So is keeping the minimum drinking age at 21 protecting young adults, or is it driving them to binge drinking in unsafe environments without supervision? The law against drinking under the age of 21 gives no chance of exposure for younger kids.Children are taught in school to stay as far away from alcohol as possible. This, in effect, leads to a “forbidden fruit” syndrome. Drinking alcohol is made out to be a taboo instead of being portrayed as an enjoyable, social activity.
The problem with having the legal drinking age so high is that during the time leading up to that age, people are not given proper education on alcohol. Instead of learning how to drink in moderation and in safe environments, the education received on it is often a negative one that aims towards prohibition rather than safe drinking. Young adolescents emerging into adulthood go out and drink with their friends regardless of the law. There is no supervision or guidance, and the lack of education of it can lead to binge drinking and addiction.

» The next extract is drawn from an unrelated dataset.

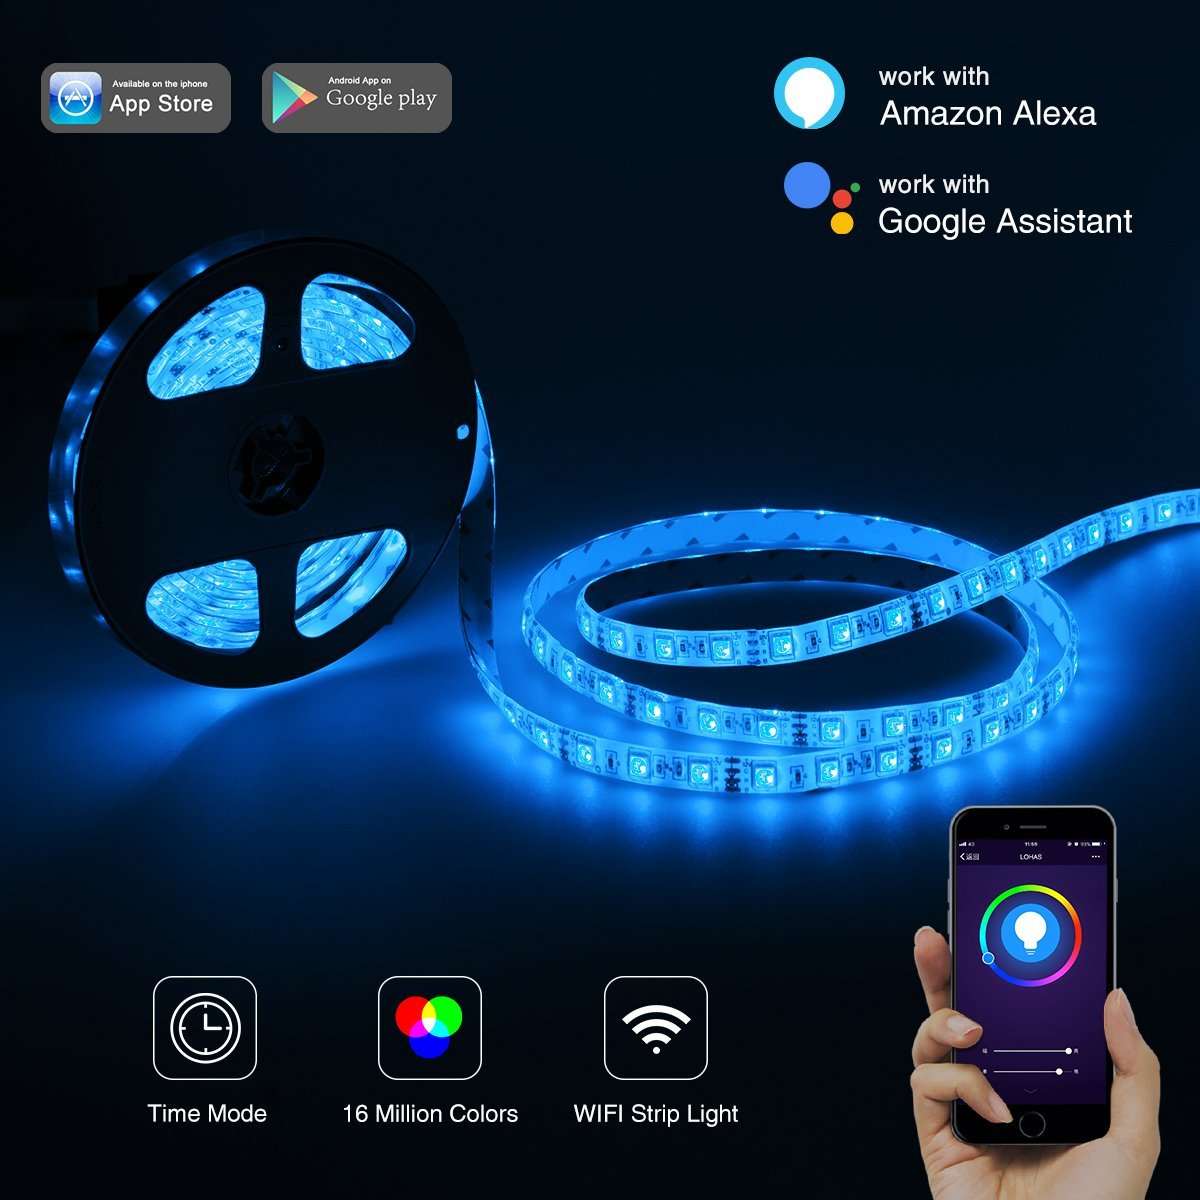 G4 Led Bulb >> LOHAS WIFI LED Strip Lights, Work with Amazon Aleax, Multicolored, 16.4FT, Smart Phone Control ...

Today, the U.S. is one of the few developed countries that enforce a minimum drinking age of 21. Many countries in Europe such as Denmark, Germany, Spain, and Switzerland allow their youth to consume alcohol in public places at the age of 16 or 17. Keeping the minimum drinking age at 21 is not effective in stopping people under the age of 21 from consuming it. It is only driving the consummation further and further underground. Our federal government is overextending its reach into state affairs by withholding ten percent of funding for highways for any state that doesn’t keep the minimum drinking age at 21. This results in many states leaving the age at 21 as to avoid being exempt from receiving billions of dollars from the government for their highways. Is it right for the government to withhold the benefits entitled to these states to force their own opinion in laws that should be under state authority? The federal government is overstepping its bounds in this situation.
On the other hand, the legal age of adulthood is 18, but is it adulthood? Adulthood is defined by three things: taking responsibility, making independent decisions, and becoming financially independent. If a young adult is displaying all these qualities, shouldn’t he be granted all the rights and privileges of being an adult?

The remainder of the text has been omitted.